Surge in new homes means new Norwich school needed
06:30 02 July 2012
A new school will have to be built if ambitious plans to redevelop a key part of Norwich city centre go ahead, it has been revealed.
Early stages of discussion are under way over proposals to breathe new life into the south city centre area, which includes King Street, Rouen Road and Argyle Street.
As reported in the Evening News, Norwich City Council and the Homes and Communities Agency (HCA) are asking people who live and work in the area to help plan for its future.
But it has also emerged that, with new homes likely to form a part of the vision for the area and proposals in the pipeline for hundreds of houses close by, a new primary school will be needed.
A spokeswoman for Norfolk County Council said: “The county council has identified the need for a new primary school as part of the proposed redevelopment of this area, not only to ensure sufficient school places for children living in the new housing, but also to benefit the wider community.
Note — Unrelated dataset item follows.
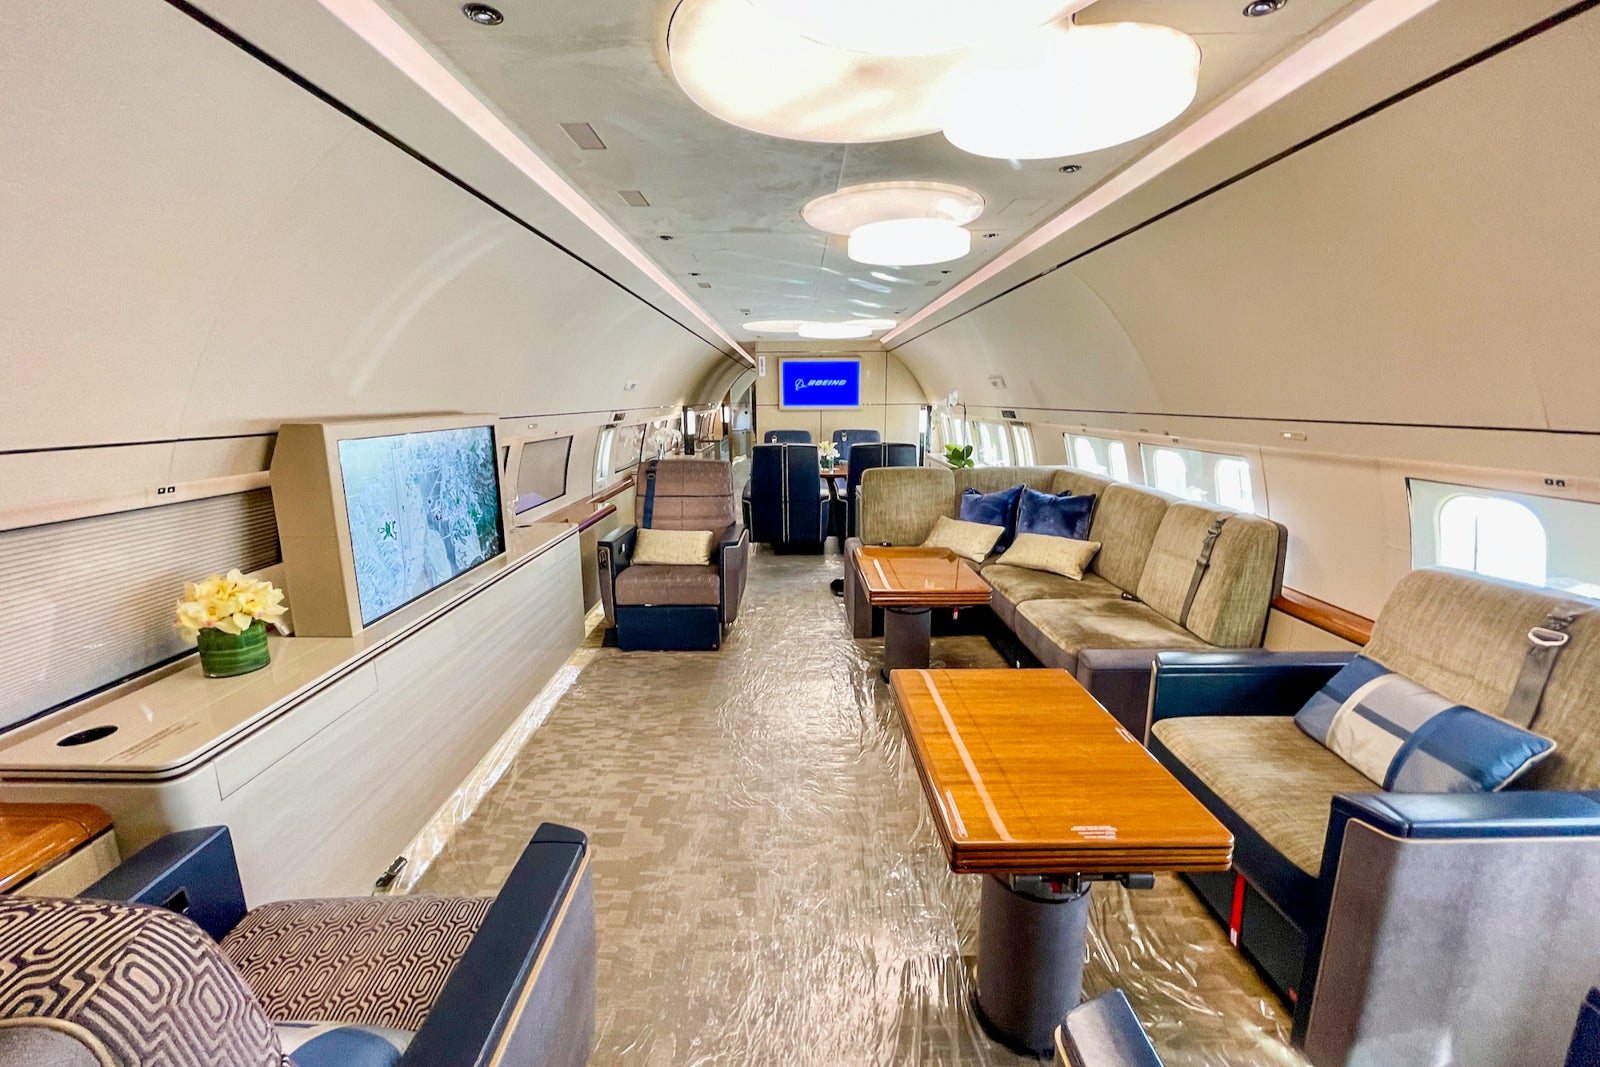 Dassault Falcon 10X Business Aircraft has the Largest Interior in its Class  | Aircraft, Private aircraft, Luxury private jets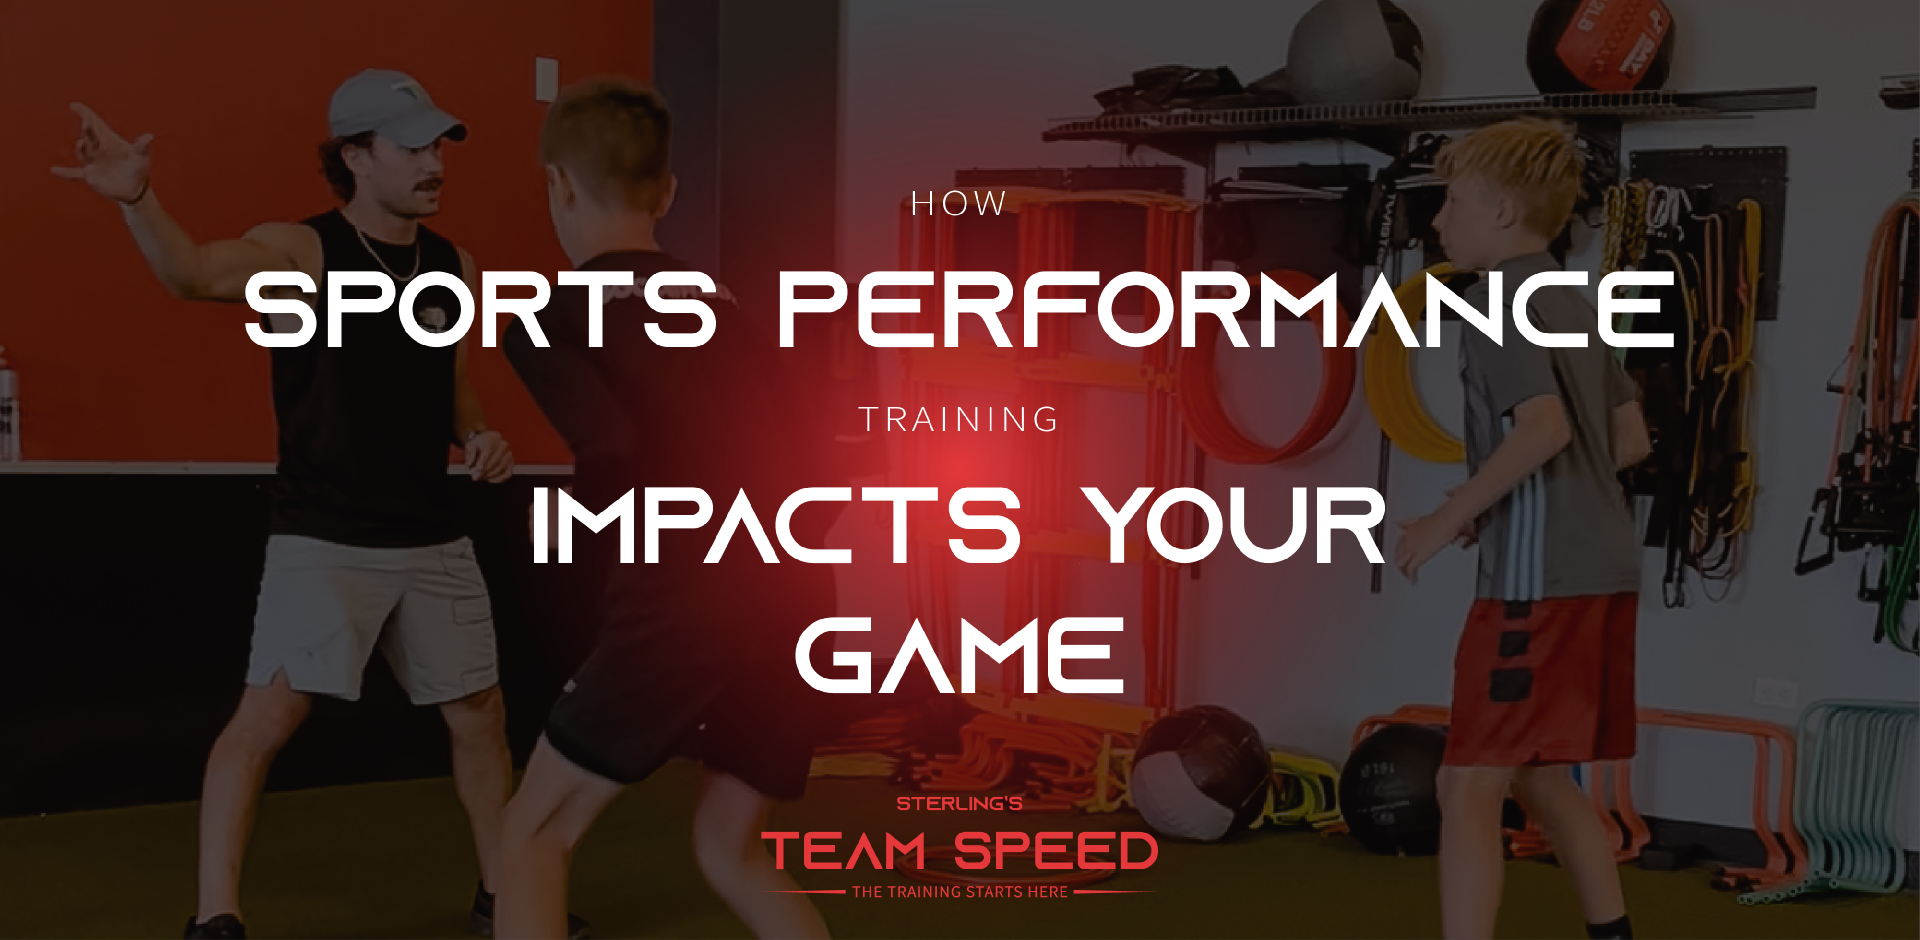 
How Sports Performance Training Impacts Your Game

“As the planning proceeds, we will continue to work with our colleagues at the city council as well as local schools and, indeed, other partners, to work through in detail the case for a school before a final decision is taken.”
She said the plans were at a very early stage, so it was too soon to say where the school might be or how many pupils it would cater for.
In recent decades there have been new homes and landmarks, such as the Novi Sad and Lady Julian bridges, built in the King Street area.
Hundreds more homes could be built on a number of other nearby sites, including Rose Lane, Ber Street and the Deal Ground site at Whitlingham, which feature in a blueprint being drawn up by the city council as potentially suitable for new homes between now and 2025.
At a meeting last month of the city council’s sustainable development panel, where that blueprint, known as the site allocations plan, was discussed, Graham Nelson, the authority’s head of planning, said there were a number of “quite significant sites coming forward” in the area.
He said: “That may change the nature of that area, with a greater number of people living there and there may be a requirement for more local shops to serve the area.
“We are already in negotiations with our county colleagues about school provision. It is likely that we will have to find a site for a new primary school in Norwich to serve the east of the city centre.”
Another site earmarked for about 300 homes in that blueprint is the five-acre St Anne’s Wharf site, between the River Wensum and King Street.
Plans for 437 homes on the former Norwich Brewery site stalled after property developers City Living Developments (Norwich) and sister companies City Living Homes and Anglia Projects & Developments went into administration two years ago.
The partnership has appointed a project team, led by David Lock Associates, to work on a plan for the south city centre area, which will go out for consultation in the autumn.
People who live and work in the area have attended open-door sessions over the proposals, with another one due to be held on Thursday.
It will take place at the King’s Centre in King Street, between 3pm and 7pm.